ASSIGNMENT.
Transcribe all of the data exactly. Omit the pictures.

DATASET CONTENT.
┌──
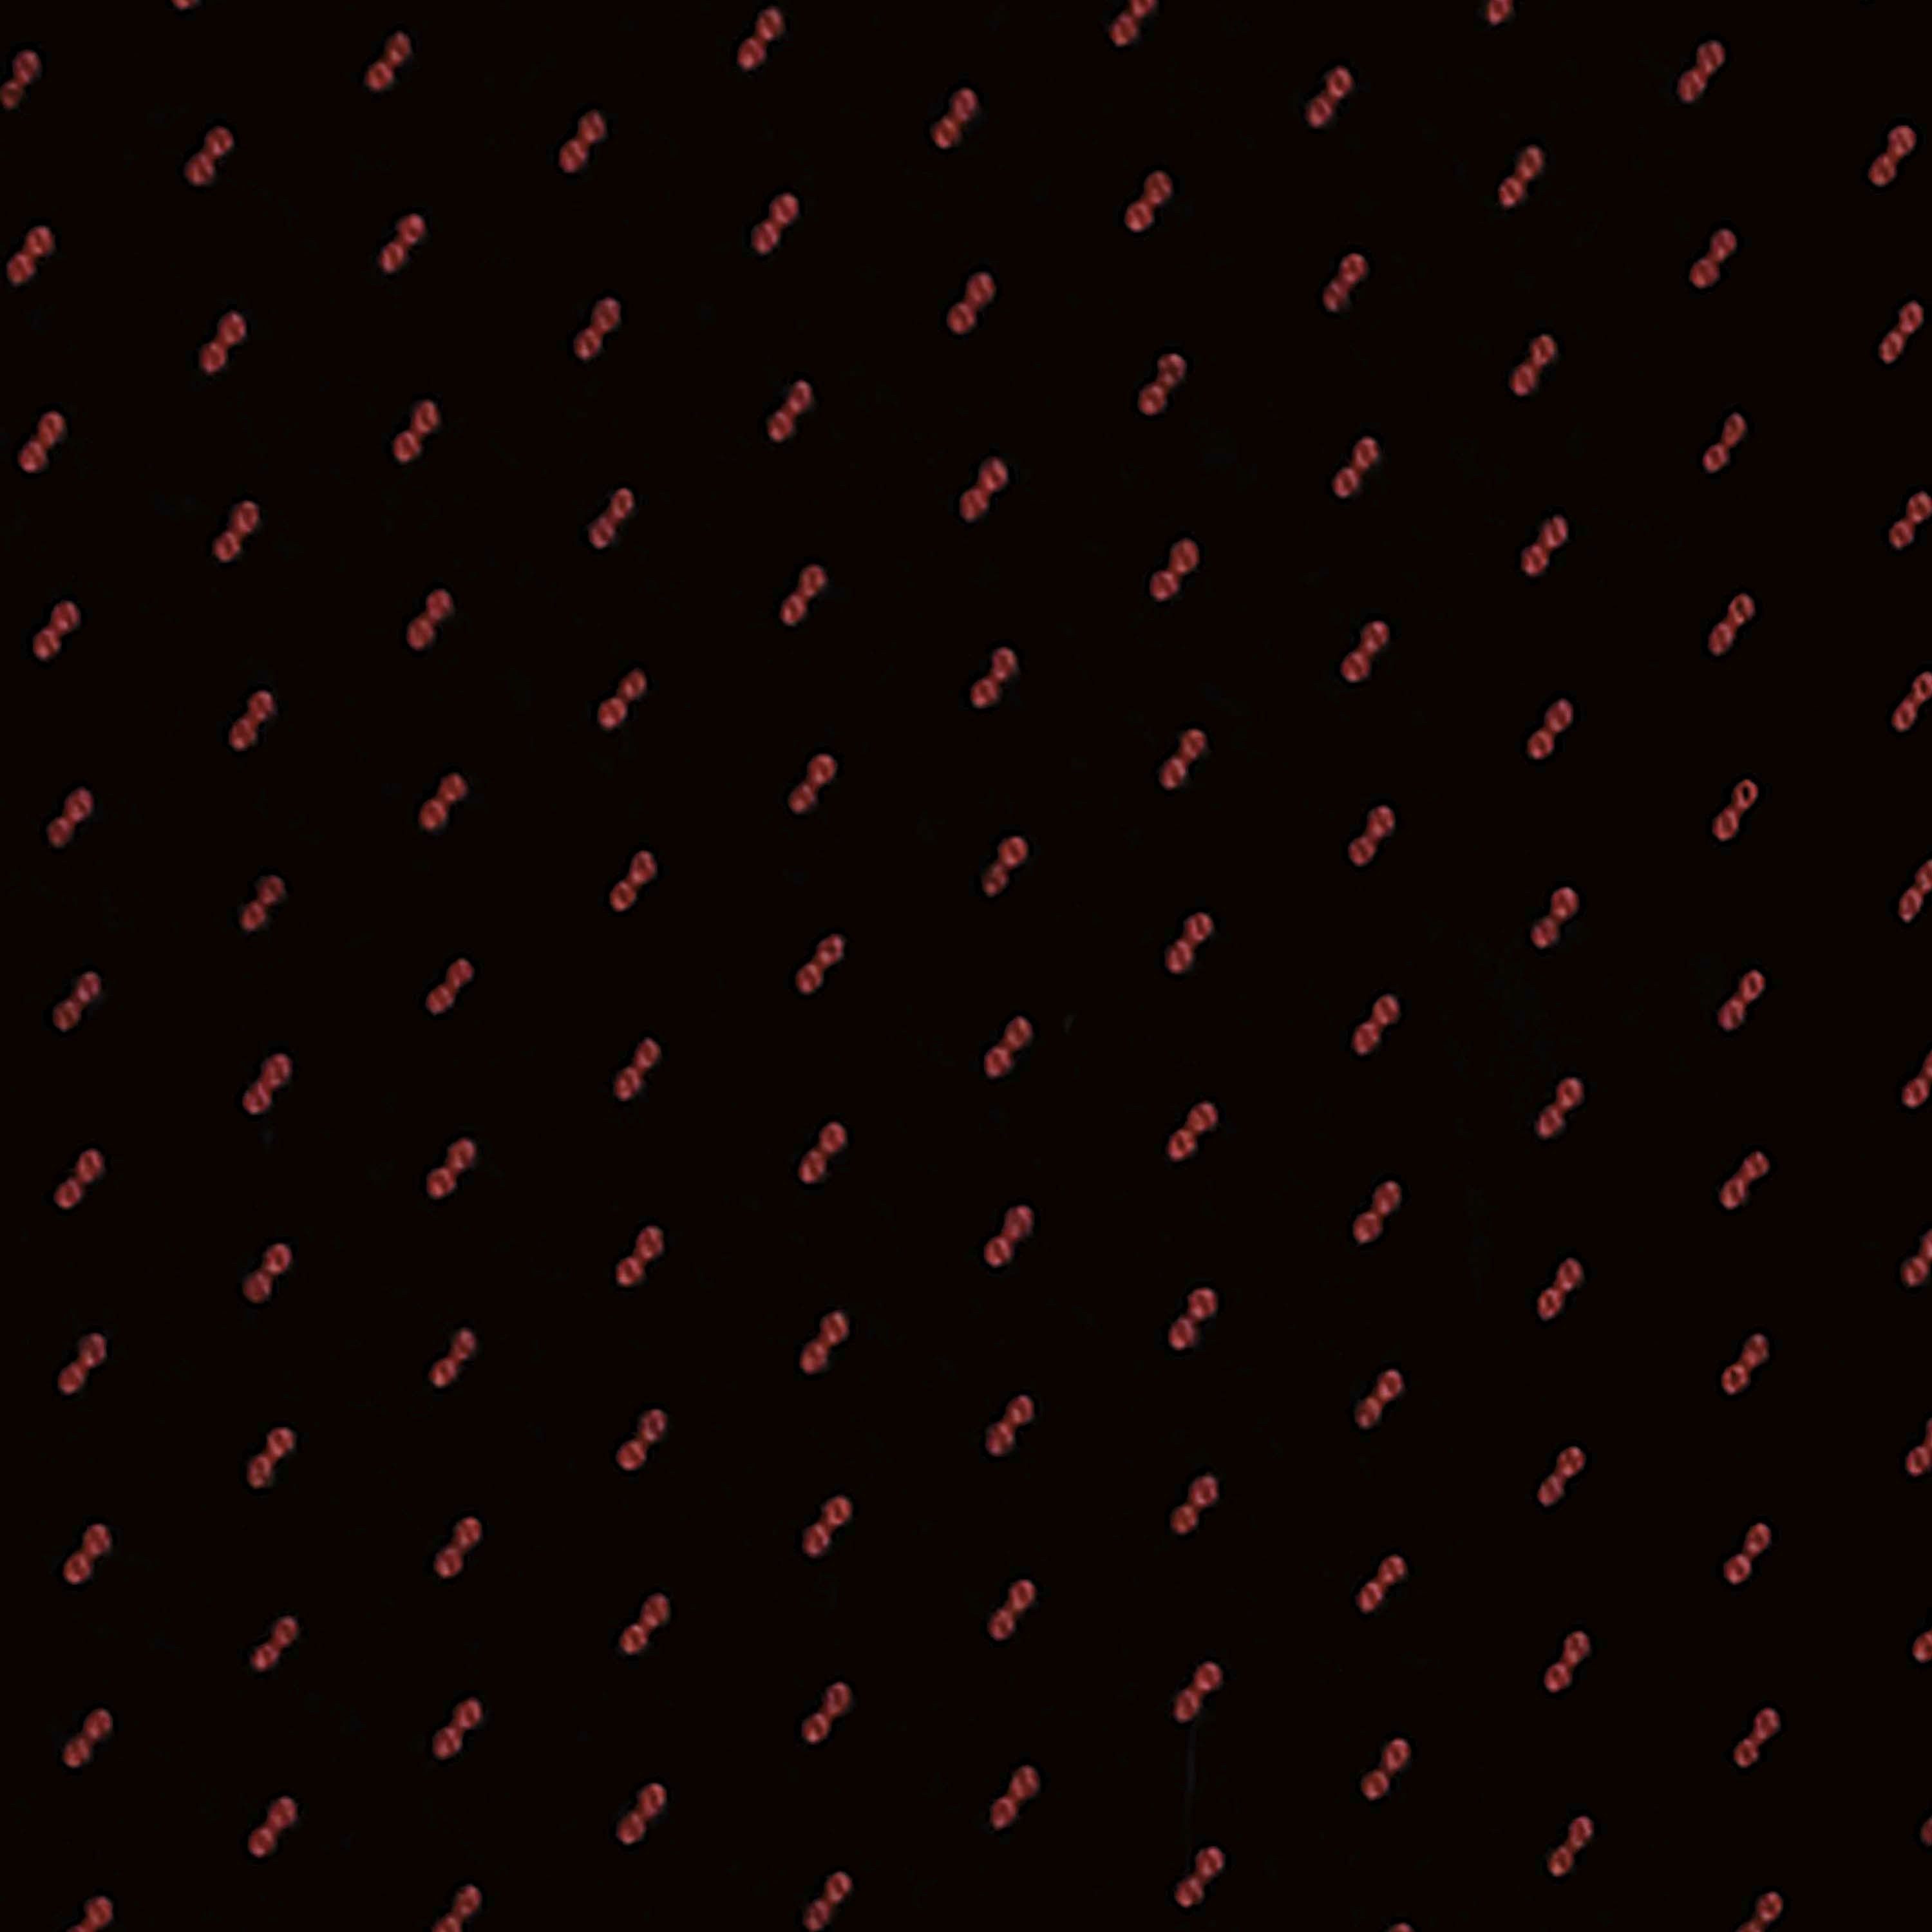 Petex Autositzbezug Transporter/ Sitzbezug Kombi, für für Bestehend Doppelsitz, in Passform "Profi und 1" vorne, 2-tlg universelle Einzelsitz aus rot
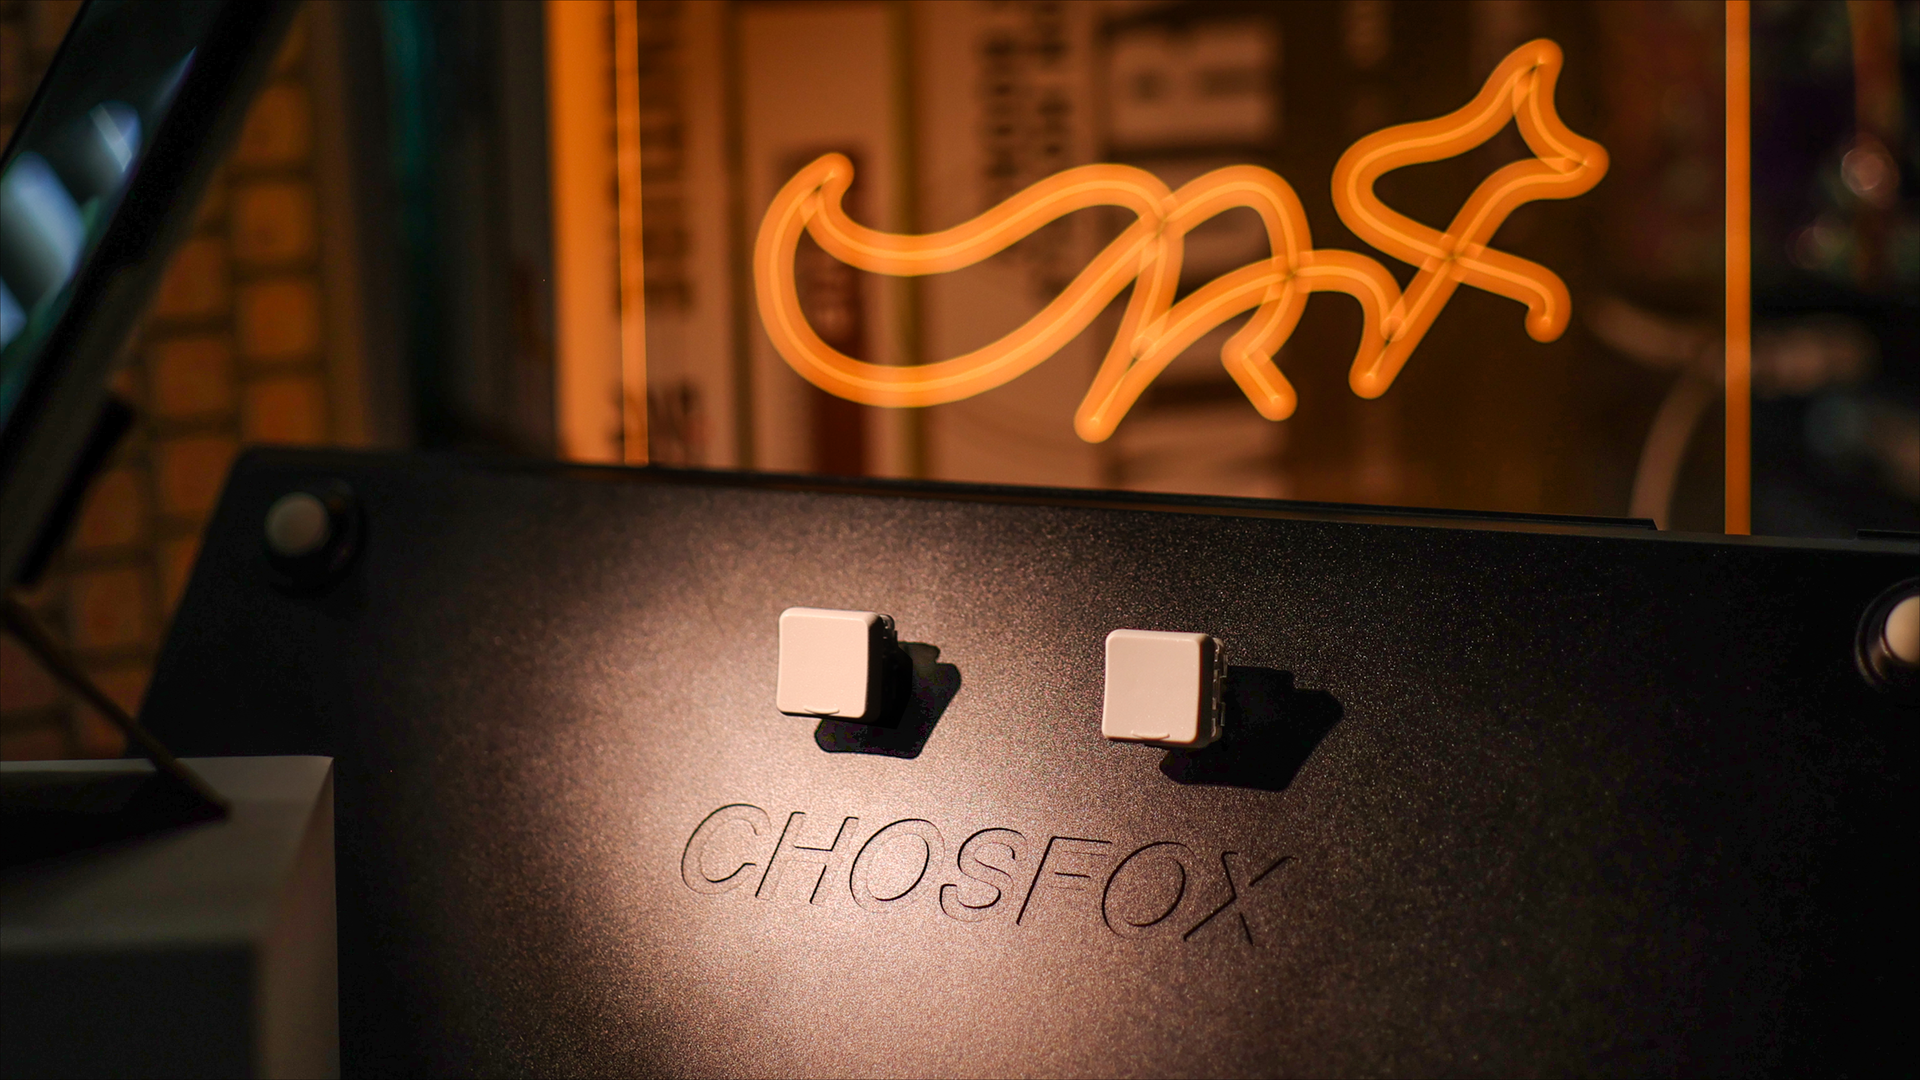 Chocfox CFX - Keycaps for Choc Switch by Chosfox-Chosfox
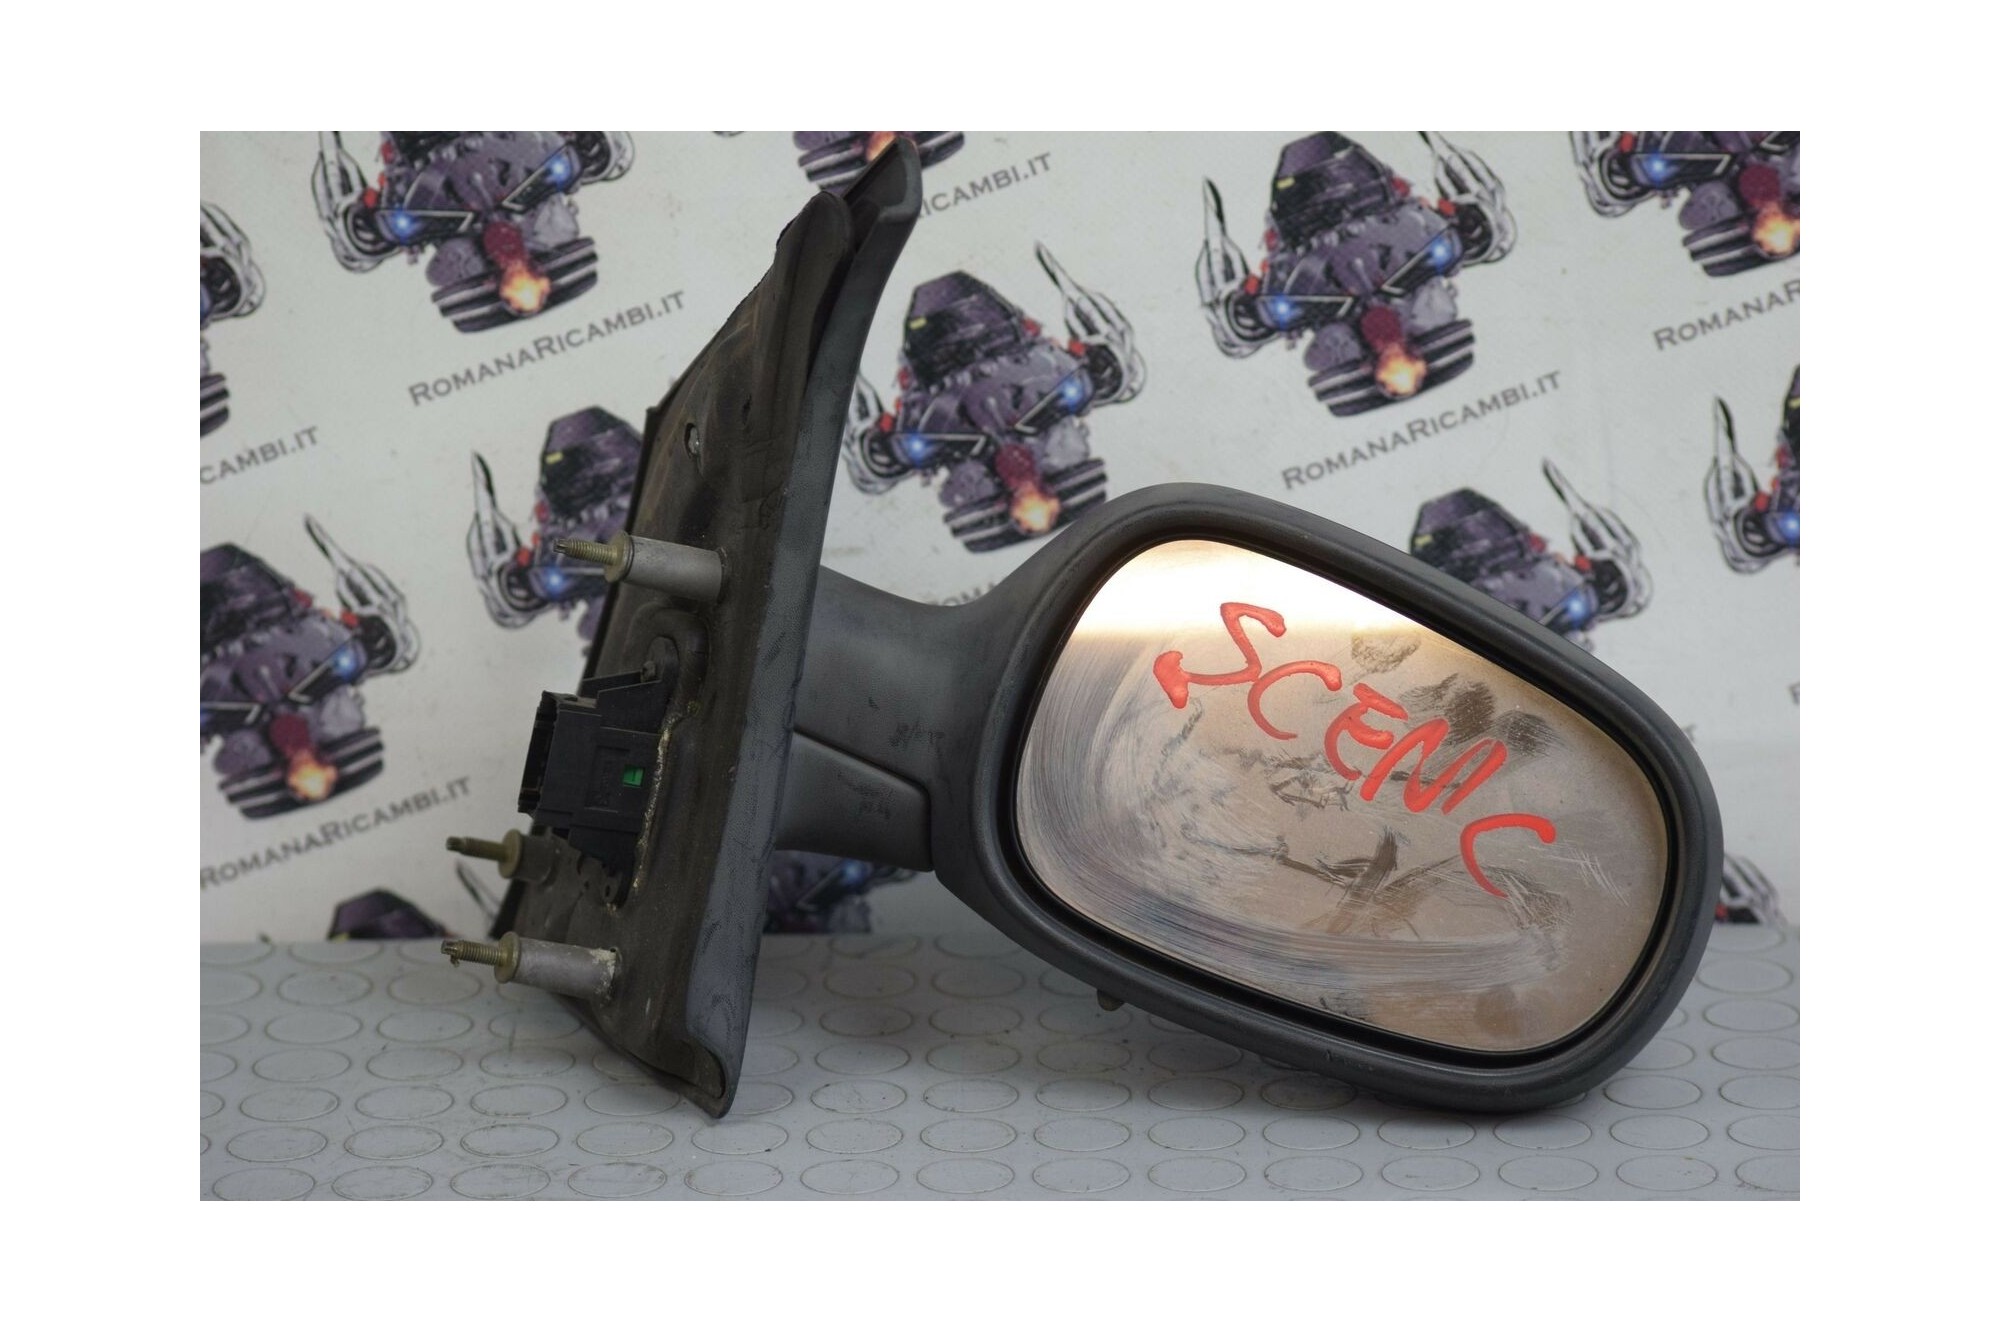 Specchio retrovisore Destro DX Renault Scenic I dal 1996 al 1999 Cod: E1010461  2411111137918
└──
TASK RESULT.
 Petex Autositzbezug Transporter/ Sitzbezug Kombi, für für Bestehend Doppelsitz, in Passform "Profi und 1" vorne, 2-tlg universelle Einzelsitz aus rot
 Chocfox CFX - Keycaps for Choc Switch by Chosfox-Chosfox
 Specchio retrovisore Destro DX Renault Scenic I dal 1996 al 1999 Cod: E1010461  2411111137918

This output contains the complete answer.